The IVD Collaboration Agreement expires on April 7, 2020, unless earlier terminated as provided therein. Roche also has the right, in its sole discretion, to extend the term of the IVD Collaboration Agreement for additional two year periods of time during any period of time in which Roche continues to hold at least 50.1% of the Company’s capital stock. Either party may terminate the IVD Collaboration Agreement for an uncured breach of the agreement, or for insolvency or bankruptcy.

Biopharmaceutical Partner

In July 2012, the Company entered into a Master Services Agreement (“Services Agreement”) with a biopharmaceutical partner (“Partner”) to perform sample profiling at the Partner’s request. The Services Agreement established the legal and administrative framework for the partnership between the entities. The Services Agreement also included a right for the Partner to initiate an exclusive negotiation with the Company for the development of a Companion Diagnostic (“CDx”). In March 2014, the Company and Partner expanded the scope of work by executing a Companion Diagnostic Agreement (“Amended Agreement”), thereby amending the Services Agreement to include the joint development and regulatory approval for a CDx. The Amended Agreement defined the term of the arrangement as the earlier of five years or receipt of certain regulatory approvals of a CDx. The Company concluded that the amendment to the original Services Agreement represented a material modification to the arrangement pursuant to ASC 605 as the Amended Agreement increased total consideration by a significant amount. Additionally, the deliverables under the Amended Agreement changed significantly. At the date of the modification, there was no deferred revenue balance on the consolidated balance sheet related to the original Services Agreement with this Partner.

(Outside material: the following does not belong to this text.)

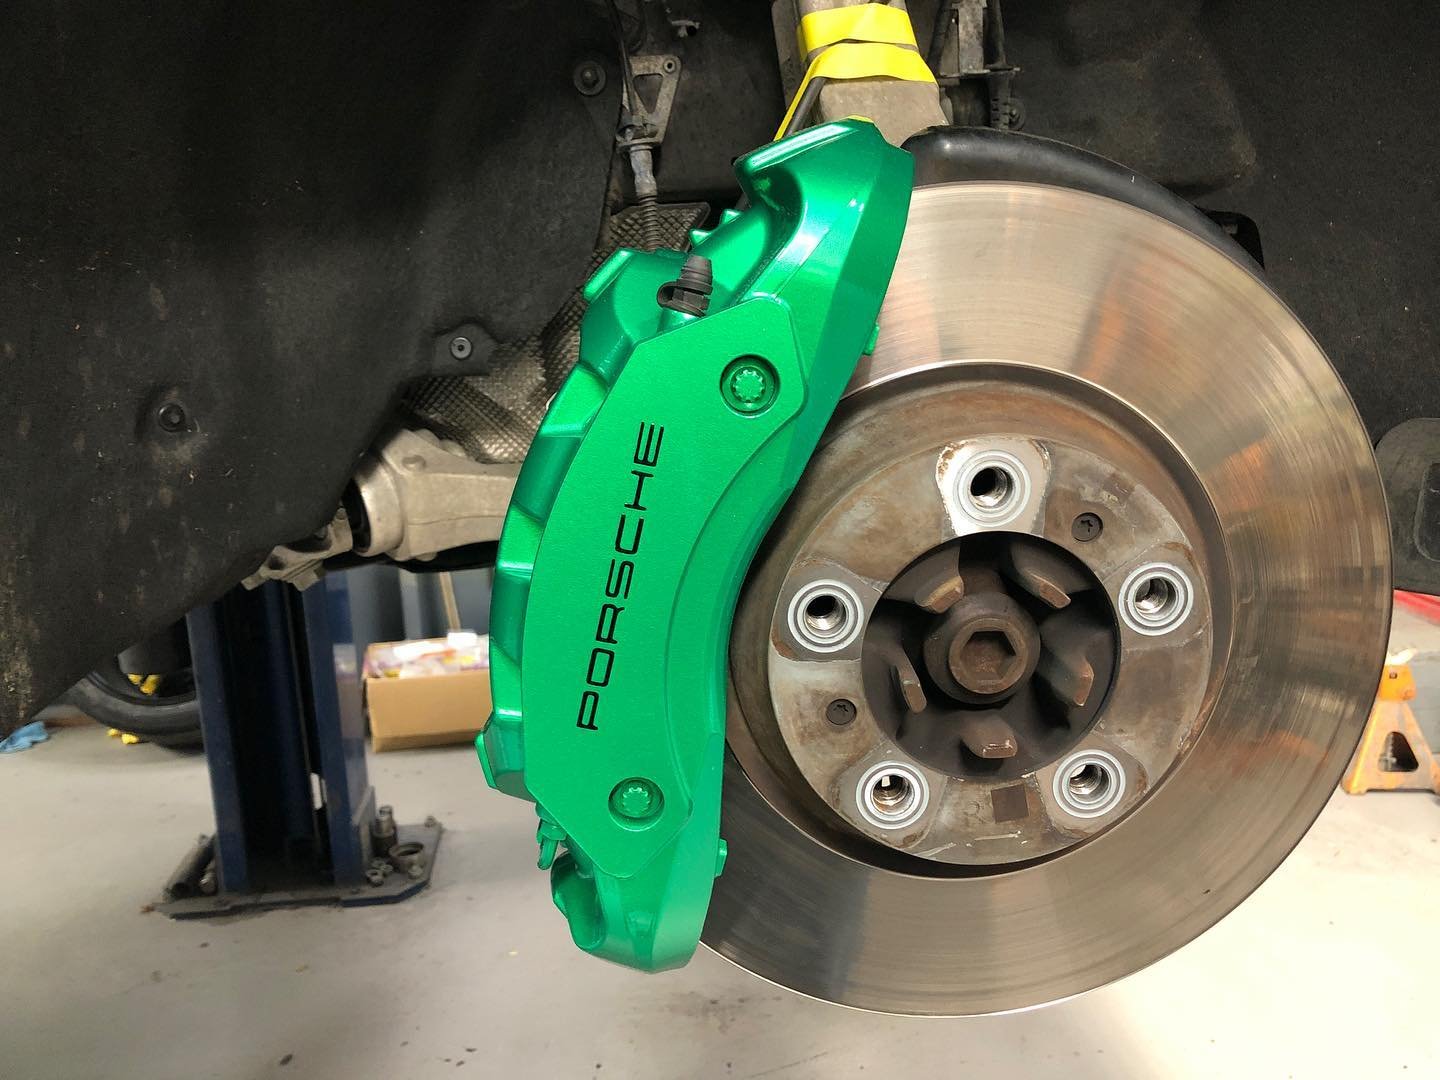 Porsche Calipers Custom &ldquo;Green Peace&rdquo; by @houseofkolor_ Project Duration 2 days. All Calibrations post repair performed in-house. 
#masterautocraft #porsche #custom #houseofkolor #walcomcarbonio

The Company identified seven deliverables under the Amended Agreement: (i) cross-licenses for access to relevant IP, (ii) obligations to continue to perform sample profiling pursuant to the original Services Agreement, (iii) obligations to perform specific R&D activities for the development of a CDx assay for use in connection with the Partner’s product, (iv) obligations to assist in obtaining regulatory approval of the Partner’s product at its request, (v) participation on a JSC to manage the overall development of the CDx assay, (vi) obligations to perform analytical validation of the CDx assay, and (vii) obligations to make the CDx assay commercially available, following any required regulatory approval. The obligation to make the CDx assay commercially available is dependent on successful development and regulatory approval. As such, the Company determined that this was a contingent deliverable and therefore arrangement consideration was not allocated to this deliverable.

The Company then determined the following deliverables were separate units of accounting: (i) obligations to continue to perform sample profiling pursuant to the original Services Agreement, (ii) obligations to perform specific R&D activities for the development of a CDx assay for use in connection with the Partner’s product and to provide assistance in obtaining regulatory approval of the Partner’s product at its request, (iii) obligations to perform analytical validation of the CDx assay, and (iv) obligations to make the CDx assay commercially available, following any regulatory approval obtained. The cross-licenses grant each party access to relevant IP of the other party to perform such party’s obligations under the contract and to exploit the deliverables. The licenses are delivered at the inception of the arrangement and primarily relate to the R&D development activities performed under the Amended Agreement. The Company does not sell the licenses separately as they are closely connected to the R&D development activities and have little value to the Partner without the performance of such activities. The JSC obligations do not have standalone value and are also closely connected to the R&D development activities under the Amended Agreement. The JSC obligations, although considered deliverables under the arrangement, are immaterial in relation to the entire arrangement. Therefore, the licenses and JSC obligations were combined with the R&D development activities, or unit (ii) identified above.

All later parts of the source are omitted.